─── The data ───
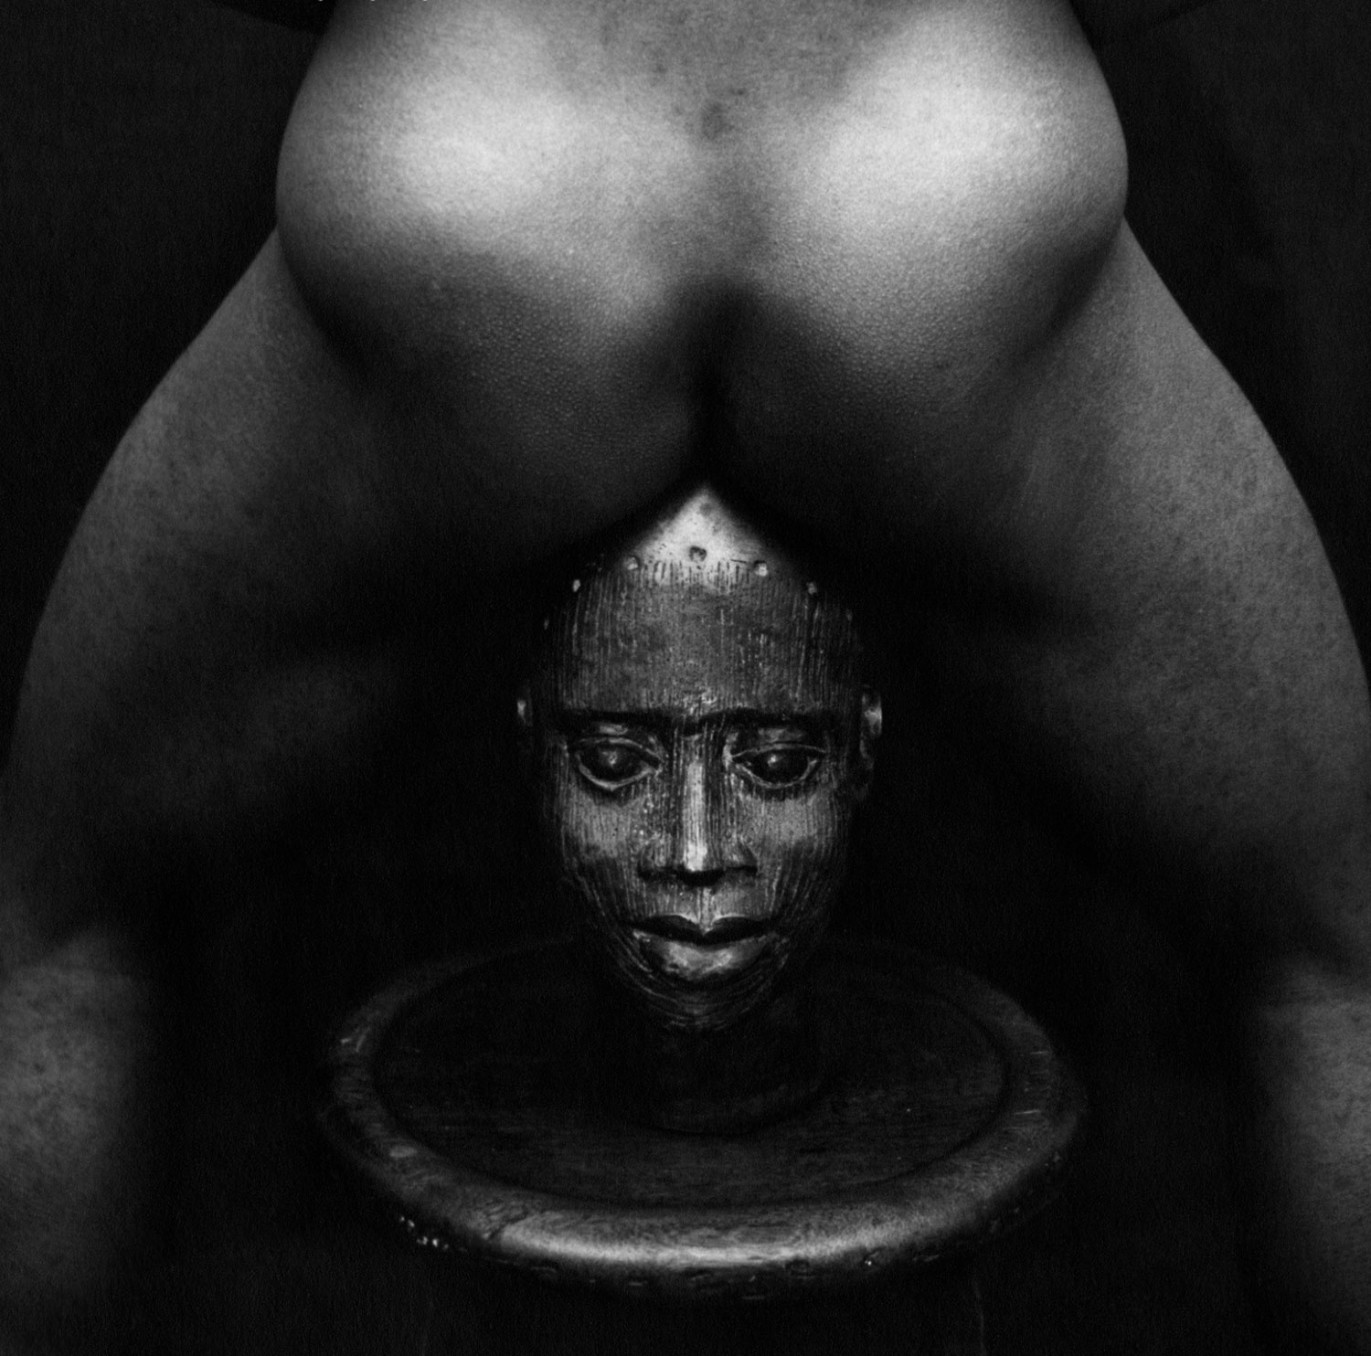 Rotimi Fani-Kayode, Bronze Head, 1987, Gelatin silver print, 30.5 x 40.6 cm, 12 x 16 in, Framed: 44.8 x 42.2 cm, 17 5/8 x 16 5/8 in
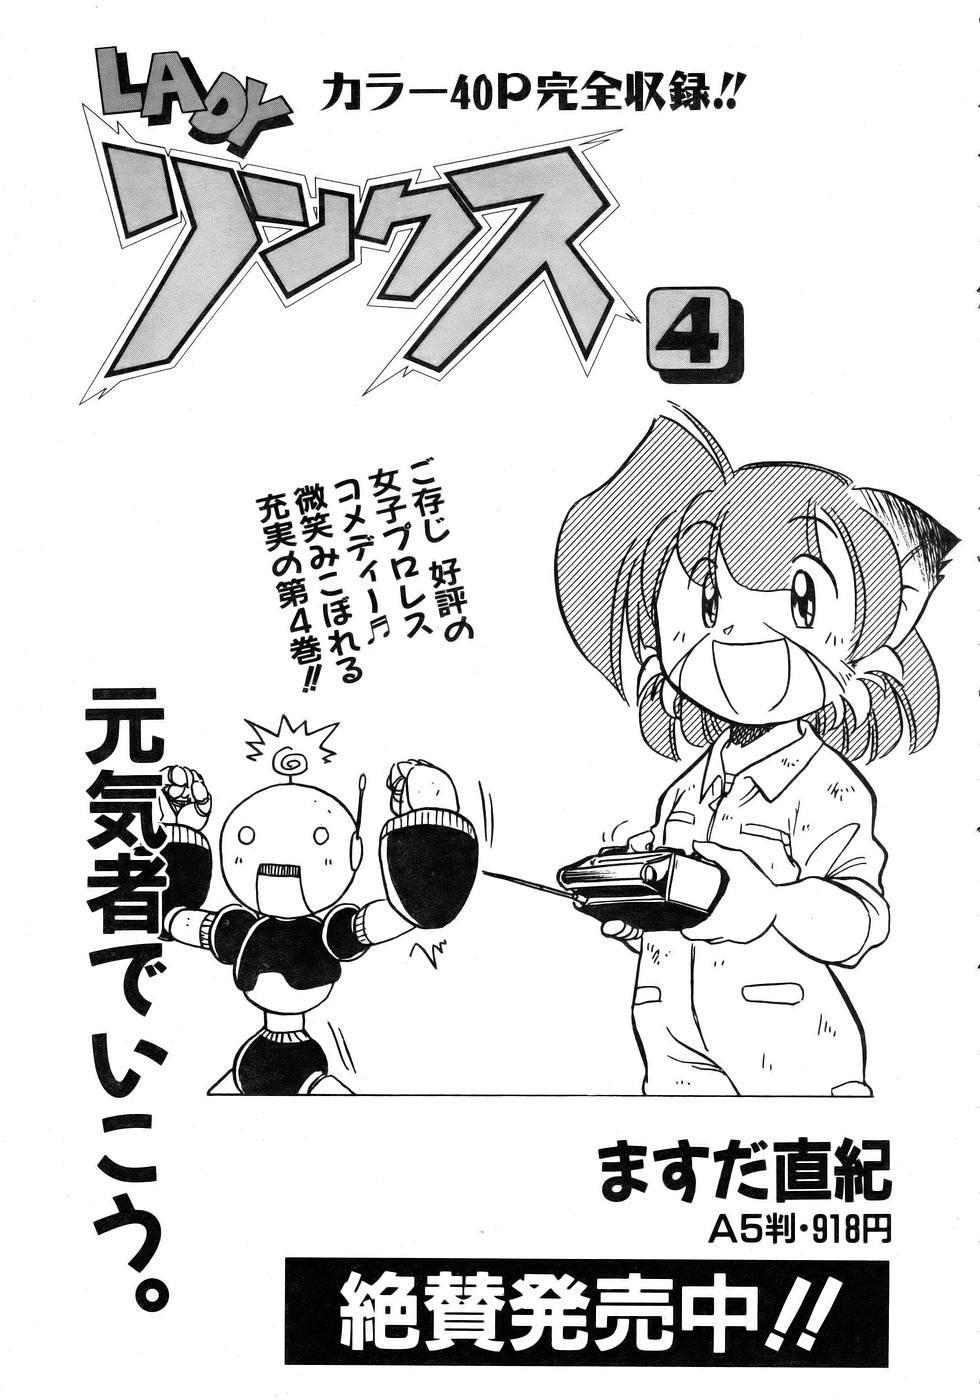 COMIC AUN 2005-12 Vol. 115 194
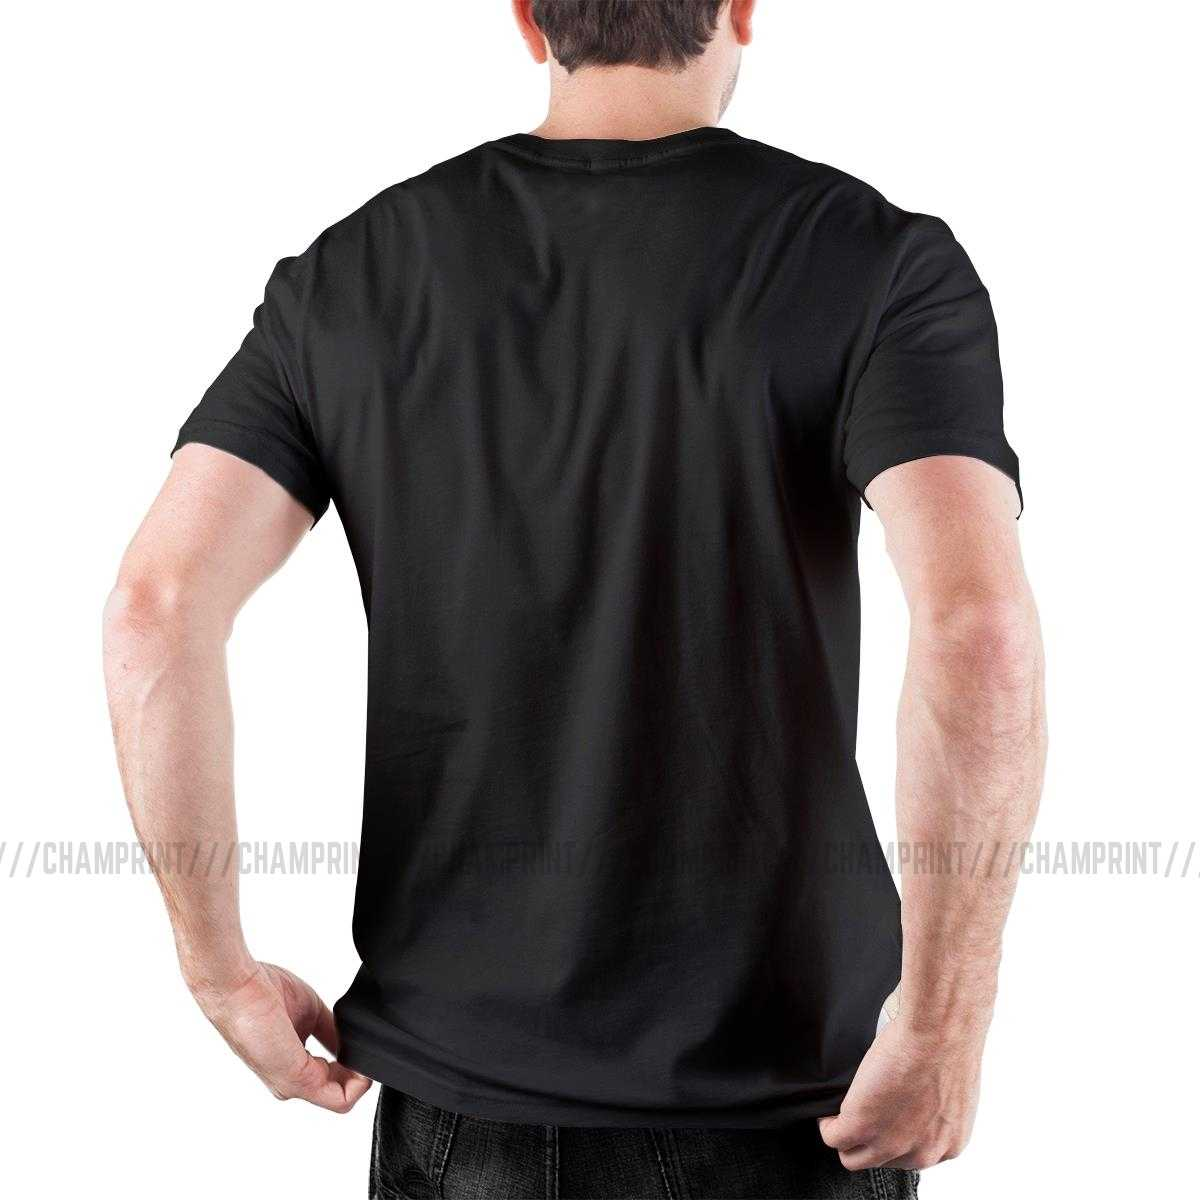 Data um anime ao vivo kurumi tokisaki camisa masculina t novidade tees manga curta crewneck t-shirts 100% algodão 6xl roupas
───
Please copy out each line above exactly as written, but not the pictures.

• **Reply to the task**
 Rotimi Fani-Kayode, Bronze Head, 1987, Gelatin silver print, 30.5 x 40.6 cm, 12 x 16 in, Framed: 44.8 x 42.2 cm, 17 5/8 x 16 5/8 in
 COMIC AUN 2005-12 Vol. 115 194
 Data um anime ao vivo kurumi tokisaki camisa masculina t novidade tees manga curta crewneck t-shirts 100% algodão 6xl roupas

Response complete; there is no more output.